As we see, changed words are modified according to Vietnamese dialects (local speech) or by refined moral teaching. They become really a treasure of Vietnamese folk culture. In the second part of the fourth volume, the authors collected up different commentaries of scholars, with different historical backgrounds. For example, P. 2577-2625, also nearly 50 pages deal with the poem "Thang Bom co cai quat mo", it is a well-known popular ironical dialogue and bargain between a poor young man and a rich owner. Ten comments are presented, as discussion, analysis, or simple expression of feelings. The writers are well known, among them : Tran Thanh Mai, Ngo Quan Niem, Tran Duc Thao, Vu Quoc Thuc... Alongside with such enormous works, we can find also studies of smaller size, like: "Folktales of Professions", "Old Town Hoi An", "Quan Thanh of old time and today"... Smaller size, however, does not mean lower significance.

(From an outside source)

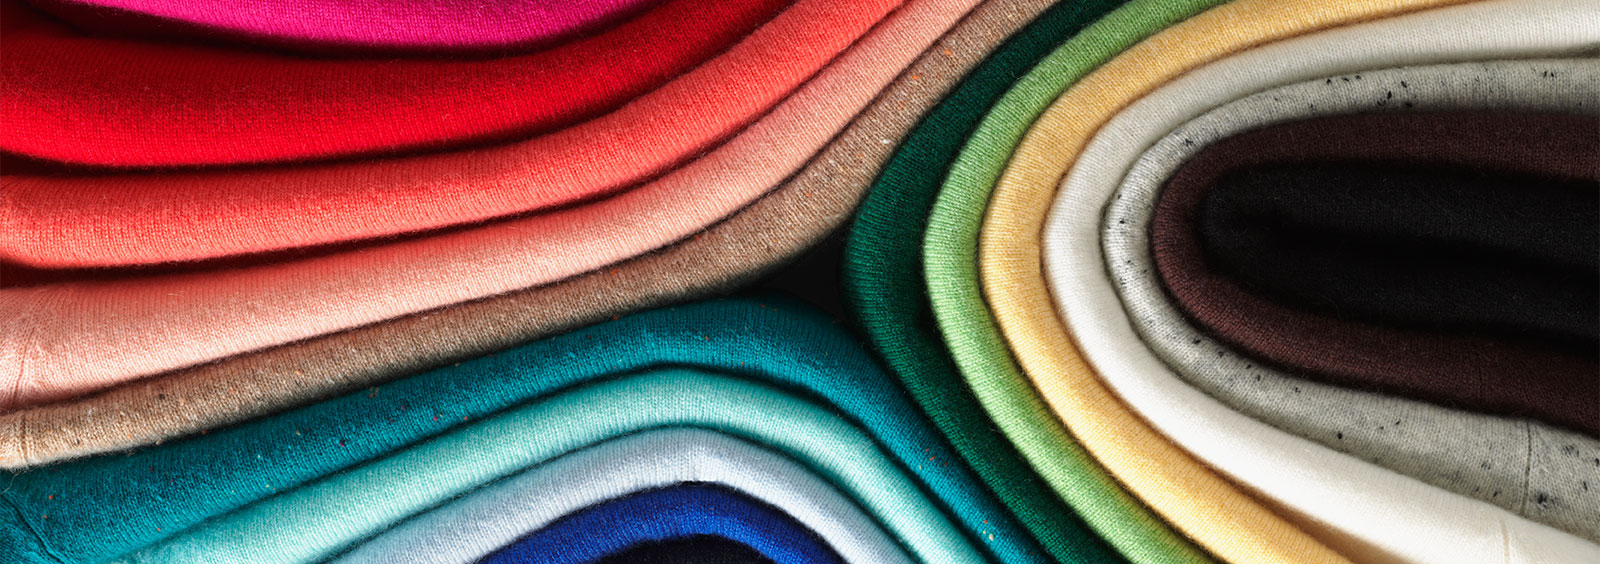 Why You Should Treat Yourself to a Cashmere Sweater

Phu Dong Thien Vuong or Thanh Dong (The Holy of the village Dong) is chosen to be as an excellent example of study, because this folktale is one of the most popular stories; it connects not only with Vietnamese historical development, but also with the annual festival ceremony of some places. Besides, this tale was registered as the ninth of twenty two of stories collected in the Linh Nam Chich Quai; thus, the tale was not only transmitted orally through generations like most other folktales, but became one of the written document in the fourteenth century. According to this document, the tale has its historical roots back with the third King of Hung Vuong Dynasty.
Thach Phuong and Le Trung Vu collected sixty significant feasts, celebrated every year in different parts of Vietnam. Besides there are also eighteen feasts of minority folk. Phu Dong Thien Vuong, one of these feasts, is called "Annual Memorial Services for the Knight of Heaven". In the appendix (II) there is a summary translation: a short narrative, main topics and activities of celebration in Dong- village, but also in its neighborhood in the vicinity of Ha Noi and Ha-Tay. The celebration has a preparation in Soc Son, Bo Dau. In Dong village itself the preparation begins one month before, like registration, exercise.... the main celebration begins with April 6 and reaches the peak on the 9th, its closing ceremony lasts from 10th to 12th April. In such a solemnity one can see the harmonious fusion between village and nation, between past and present, expressed in powerful symbols, games, dances and transmitted through generations. G. Dumoutier described his strong impression, when he attended the feast of "The Divine Knight of Village Dong" in the year 1893; he reported the event with astonished impression that the feast changes totally the behavior of the peasants: in daily life thy are afraid, and here they become self assured as if the religious feast transformed them.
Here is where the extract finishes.